The mayor says Jackson residents should prepare to evacuate within 48 hours and should expect to be away from their homes for several days. That means preparing, packing, and developing an action plan within that time.

“If you were one of the early impacted communities in 2020, it is likely you will be one of the early impacted communities in 2022,” he said. “We’re trying to give you this timeline so you can prepare as soon as possible.”

The mayor said JTRAN is on standby to help evacuate individuals who don’t have transportation. However, he said once the water rises, city services will not be available.

“Our transportation is here to help you, but you must make plans in advance. You cannot wait until the final moment, because at some point we will cease service of JTRAN in those impacted areas.”

He told the press Code Services will be delivering information to residents in the affected areas, and added that Jackson Police Department and Hinds County Sheriff’s Office will be stepping up patrols to protect properties once people leave.

“Those residents who are hesitant to evacuate out of concerns for their property, the city of Jackson, along with the county, will step up patrols to protect your property,” he said. “Don’t allow that to be an impediment.”

Assistant Chief Joseph Wade echoed the mayor’s statements, adding that his thoughts and prayers are going to out to the people who could be impacted by the flood.

“If you leave your home, feel assured we’re going to have extra patrols in your area,” he said. “We’re concerned about your life... being safe. We’ll take care of the property aspect. We know there is a contingency of individuals who want to victimize people during these times, we’ll be ready for them. I guarantee you.”
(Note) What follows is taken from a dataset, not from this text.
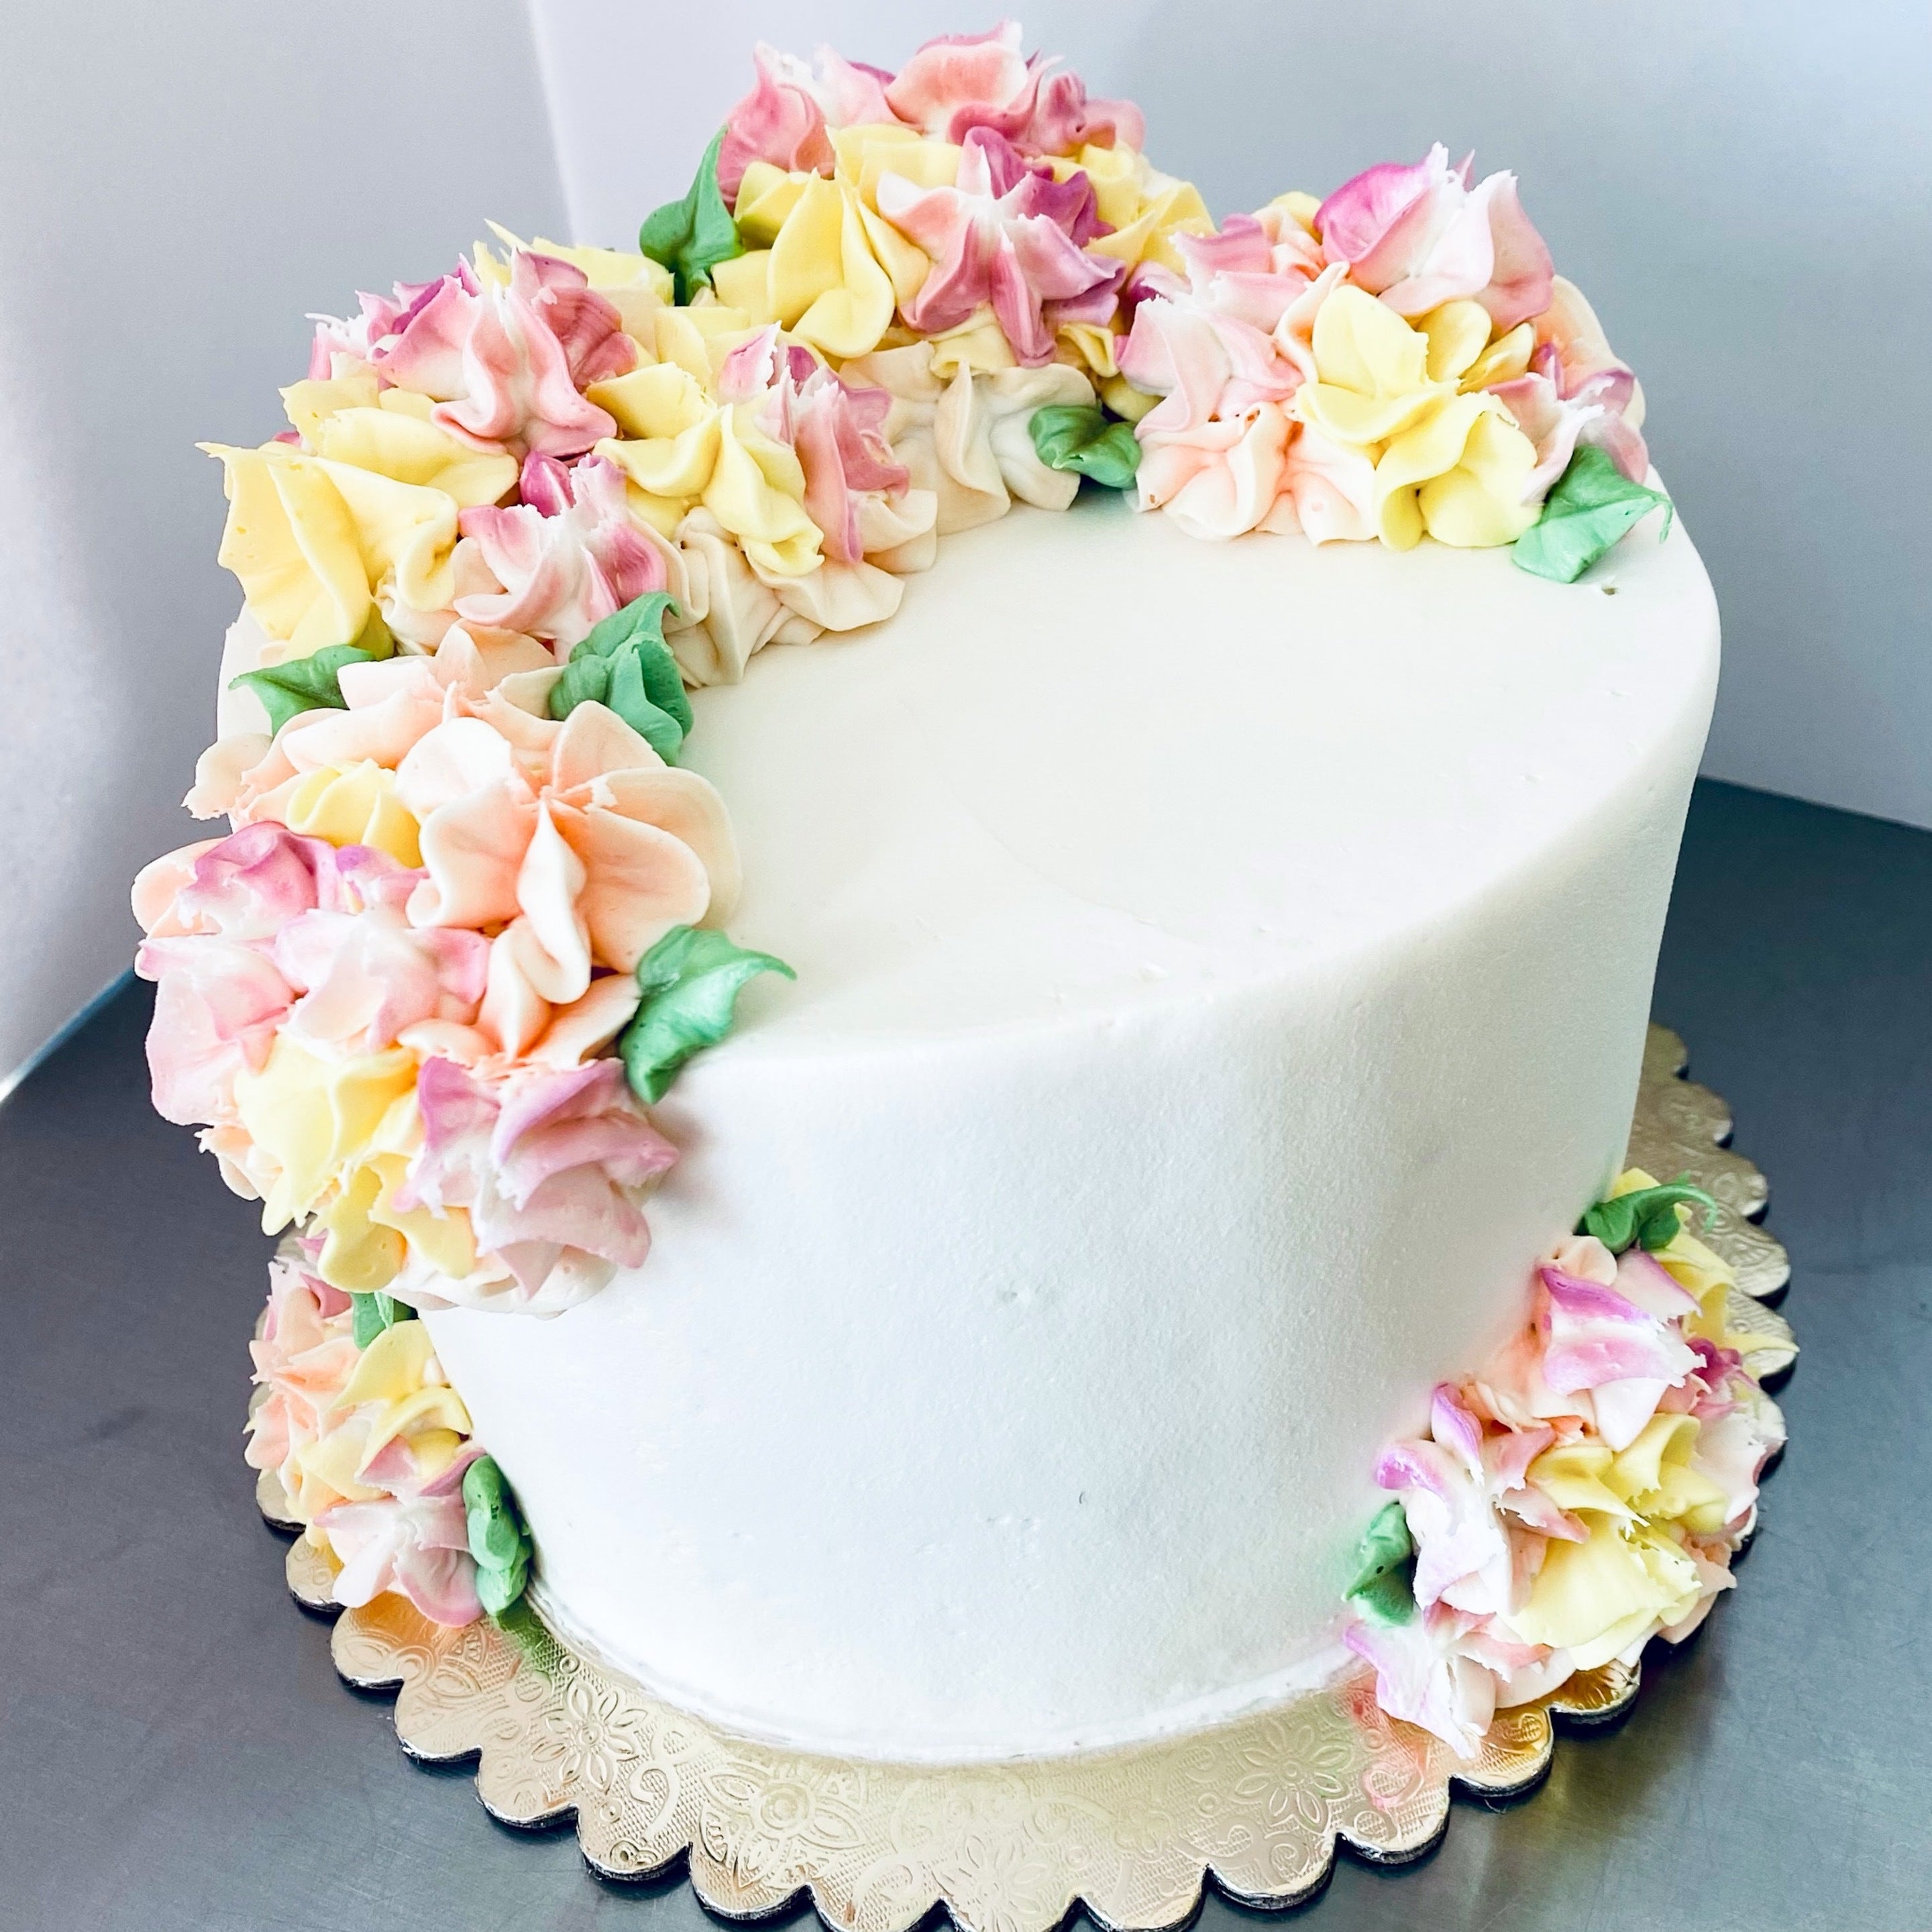 Wilton Cake Decorating - Such a beautiful spring hydrangea cake by Flour &  Floral! 💜 The varying shades of purple add a realistic effect! Click here  for more spring dessert ideas: http://ow.ly/ViCq50usSXF |

The flood is expected to impact a wide swath of neighborhoods across Northeast Jackson, much like the Pearl River Flood of 2020.

Areas impacted when Pearl hits 36 feet
Annie Street
Beasley Street
Beatty & Rankin streets at Silas Brown Street
Canterbury Court
Canton Club Circle at Sedgwick Drive
Canton Club Circle - northeast end
City garage area off S. Jefferson Street
Cypress Trail
Deer Trail
Eastover area
Foxboro Street
Galilee Street
Greenwood Avenue at Hardy Creek
Harrow Drive
Hinds Street
Hudson Street - east end
Julienne Street
Linde Air Trailer Court
Martin & Hinds streets
McNutt Street
Meadow Oaks Park Drive
Moncure Road
Nichols Street
Offutt Street
Old Brandon Road
President Street from South Silas Brown Street - south end
Rankin Street
River cove area
River Glenn area
North River Road
Riverwood/Harrow drives
Rollingwood at Yucca Drive - south end
Rosemary Road east of Terry Road
Santa Clara Circle
Sedgwick Drive & Canton Club Circle
Sidney Street
South West Street
South West Street - Randy’s Upholstery parking lot
Sproles Street
Stokes Robinson Road
Westbrook Road - east of Sedgwick Drive
Yucca Drive

Hinds County Sheriff Tyree Jones said additional areas outside of the capital city also could be impacted, and that deputies will be working to protect those properties as well.

“We know there will be parts of Edwards [near] the Big Black River that will be affected, as well as Terry, near Rosemary and Moncure Marble areas,” he said. “We have identified resources to assist in those areas.”

The National Weather Service expects the river to crest on Tuesday. Even after that, officials say evacuees will not be able to return to their homes for several days.

“One of the things that we need to let you guys know is the fact that this is not a short event... We’re not going to even crest until, say, Tuesday morning here. The water after that will stay high for a while, and if we get heavy rainfall, with a high river, there’s a potential for flash flooding along the streams that are flowing into the river,” said Marty Pope, a hydrologist with National Weather Service.

“And so you should make a plan to be gone for several days, up to as much as two weeks,” Lumumba said. “In your preparation kits, we want you to consider that you’re not just anticipating for the event on Monday into Tuesday. You’re preparing for that water to be with us for some time. And so, you should prepare as such.”

The mayor said the city is planning to update its website to inform evacuees on what they need to include when packing or preparing an emergency kit. We will provide that information as it becomes available.